Lymphatic malformations
A lymphatic malformation is a mass in the head or neck that results from an abnormal formation of lymphatic vessels. Other names for these malformations are lymphangiomas or cystic hygromas. Lymphatic vessels are small canals that lie near blood vessels and help carry tissue fluids from within the body to the lymph nodes and back to the bloodstream.
Nearly all these malformations occur in the neck although some can occur in the mouth, cheek, and tissues surrounding the ear, as well as other parts of the body. Over half of lymphatic malformations are congenital (present at birth), and most are detected by age 2. Some lymphatic malformations can spread into surrounding tissues and affect the proper development of the area. Lymphatic malformations may also enlarge and become infected following an upper respiratory infection.
Lymphatic malformations are sometimes seen in children with certain chromosome abnormalities and genetic conditions, including Down syndrome and Turner syndrome.
What causes a lymphatic malformation?
A lymphatic malformation is a congenital (present from birth) defect that occurs during early embryonic development when the lymphatic vessels do not properly form. The vessels may become blocked and enlarged as lymphatic fluid collects in the vessels, forming a mass or a cyst.
Symptoms
An internal lymphatic malformation in the mouth or cheek may not be noticed until it becomes infected and enlarges. Cystic hygromas can grow very large and may affect breathing and swallowing.
The following are the most common symptoms of a lymphatic malformation. However, each child may experience symptoms differently. Symptoms may include:
- A mass or lump in the mouth, cheek, or tongue beneath the mucous membrane that lines the area
- A large, fluid-filled mass to the lower side and back of the neck under the platysma muscle (a thin, flat muscle that extends from the upper chest to the jaw)
The symptoms of a lymphatic malformation may resemble other neck masses or medical problems. Always consult your child's physician for a diagnosis.
The diagnosis
During pregnancy, a fetal ultrasound may detect some large lymphatic malformations. Ultrasound is a diagnostic tool used to evaluate organs and structures inside the body with high-frequency sound waves. After birth, diagnosis of a lymphatic malformation is generally determined by a physical examination.
In addition to a complete medical history and physical examination, diagnostic procedures for a lymphatic malformation may include the following:
- Transillumination, a method of examination by the passage of light through tissues to assist in diagnosis. The light transmission changes with different tissues.
- Computed tomography scan (also called a CT or CAT scan) to determine if other organs are connected to the malformation. A CT scan is a diagnostic imaging procedure that uses a combination of x-rays and computer technology to produce cross-sectional images (often called slices), both horizontally and vertically, of the body. A CT scan shows detailed images of any part of the body, including the bones, muscles, fat, and organs.

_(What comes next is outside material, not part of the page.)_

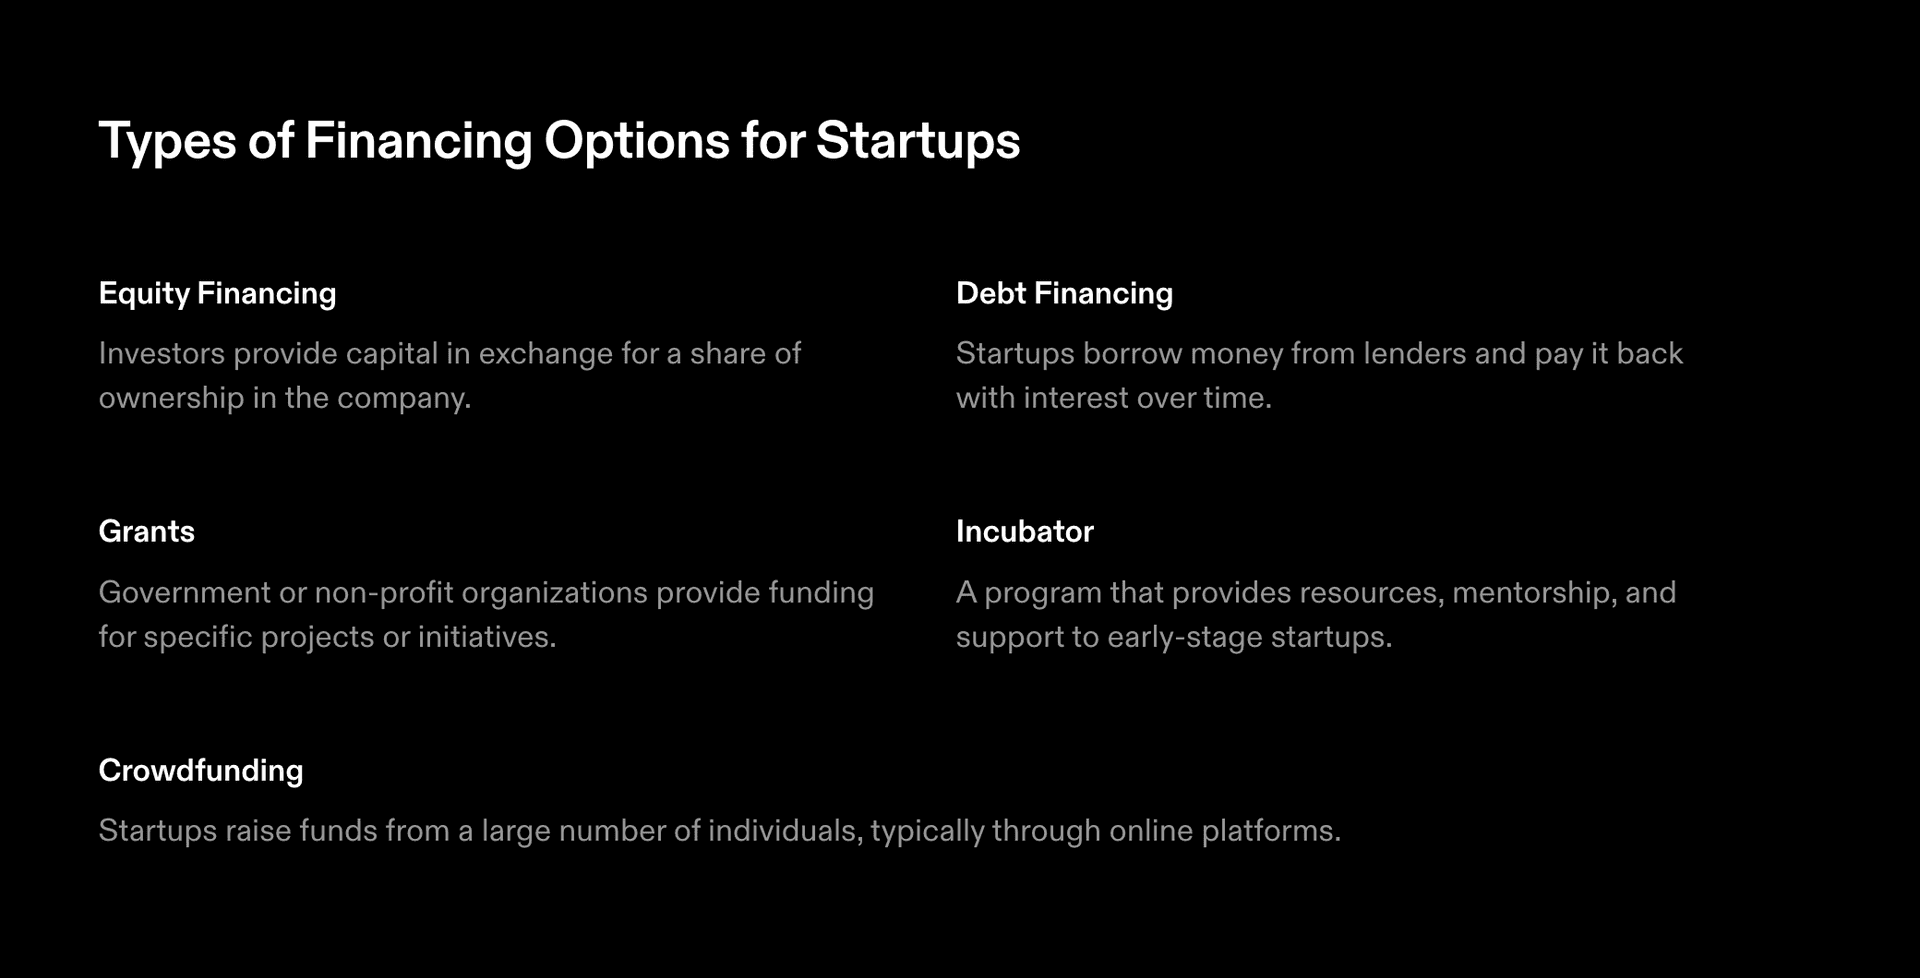 Image about the types of startup financing options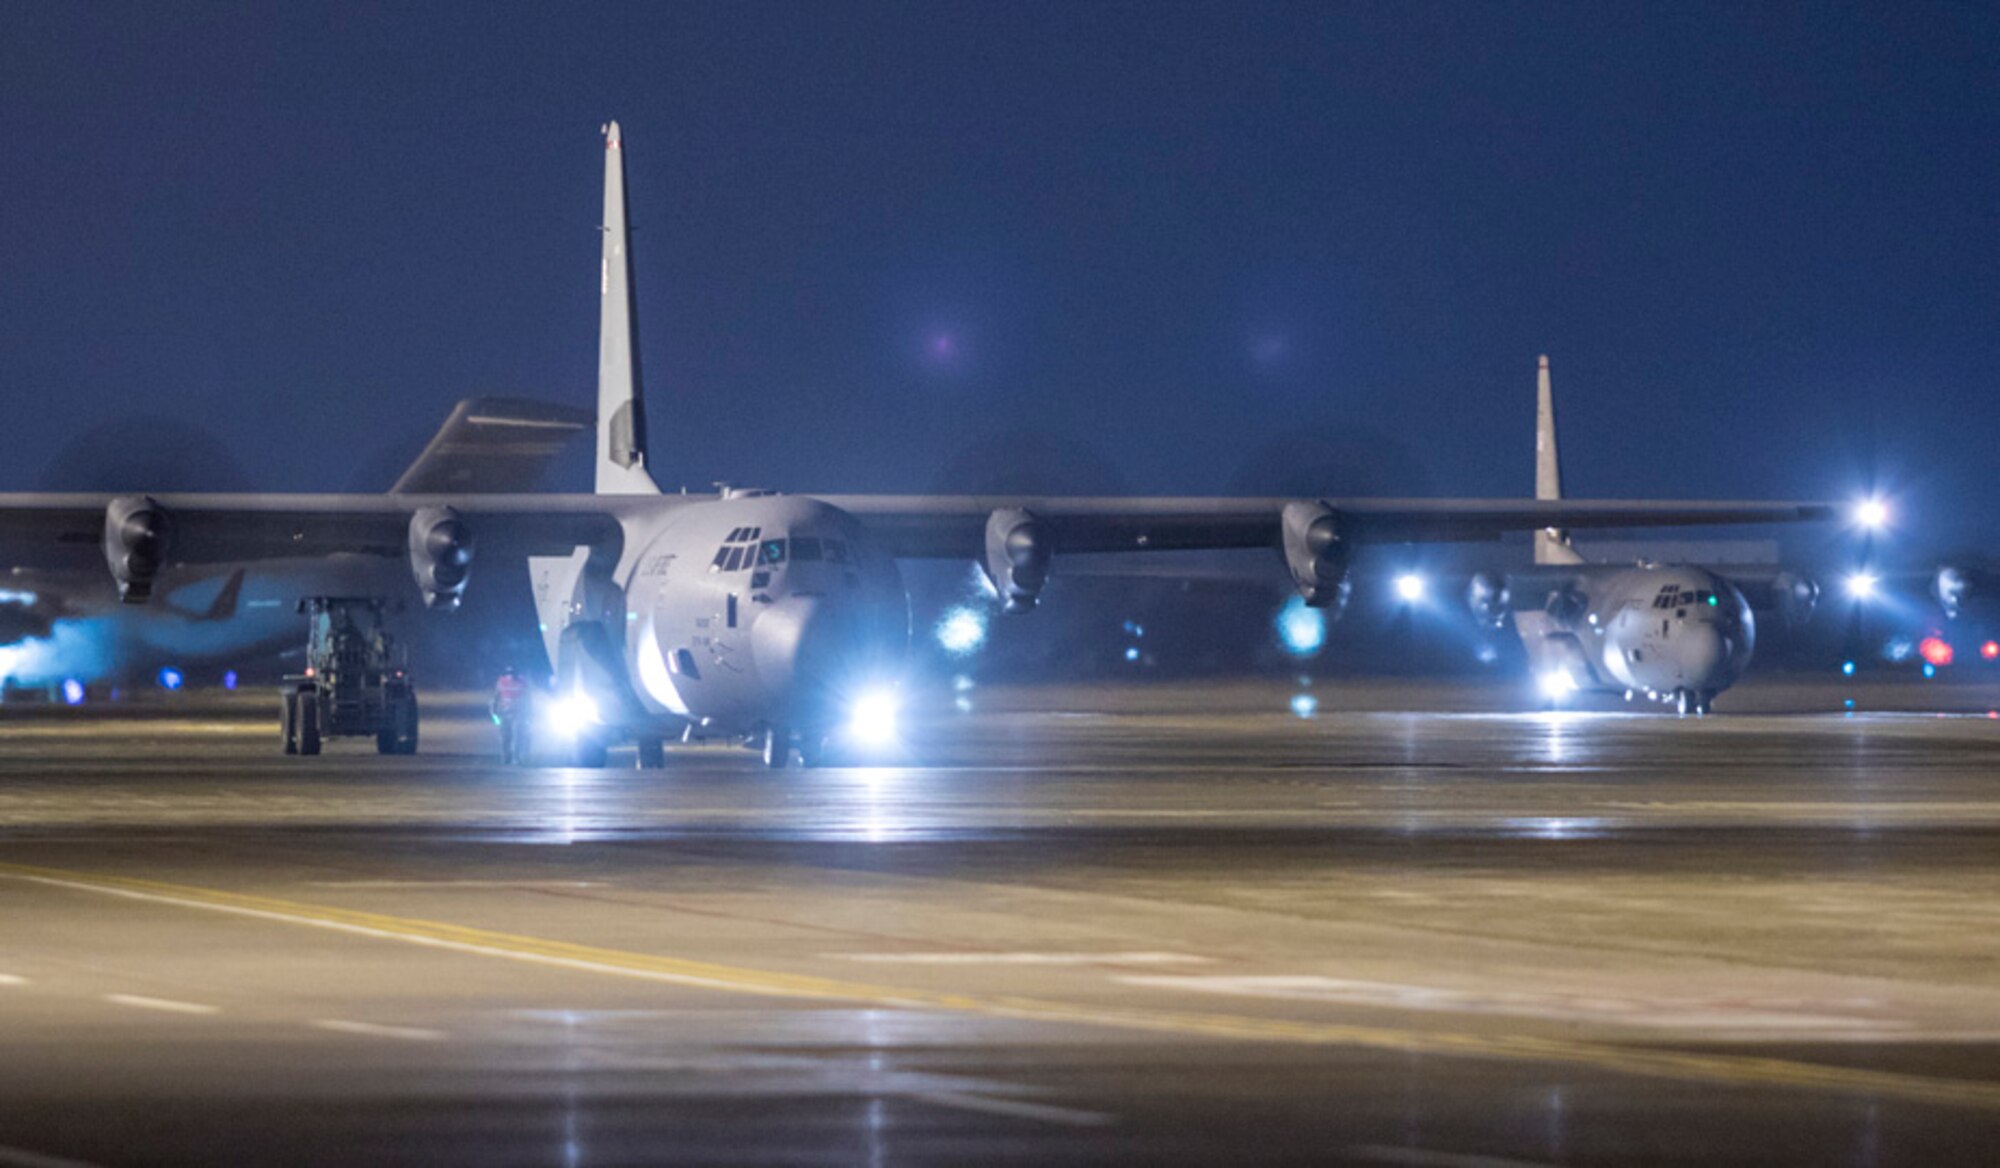 Airmen with the 374th Logistics Readiness Squadron combat mobility flight perform offloading a cargo from a C-130J Super Hercules while engine running operation (ERO)

CT scans are more detailed than general x-rays.
- Magnetic resonance imaging (MRI), a noninvasive diagnostic technique that produces computerized images of internal body tissues and is based on nuclear magnetic resonance of atoms within the body induced by the application of radio waves.
Treatment
Specific treatment of lymphadenopathy will be determined by your child's physician based on:
- Your child's age, overall health, and medical history
- Extent of the condition
- Your child's tolerance for specific medications, procedures, or therapies
- Expectations for the course of the condition
- Your opinion or preference
Treatment may include:
- Observation of the malformation (to watch for growth or changes)
- Antibiotic medications (to treat infection)
- Incision and drainage of the lesion
- Surgery (to remove the lymphatic malformation)
A small percentage of lymphangiomas in the neck can regrow and are often detectable within a year after surgery. Those that occur above the hyoid bone in the oral cavity or on the face can have recurrance rates up to 80 percent and may require subsequent surgeries.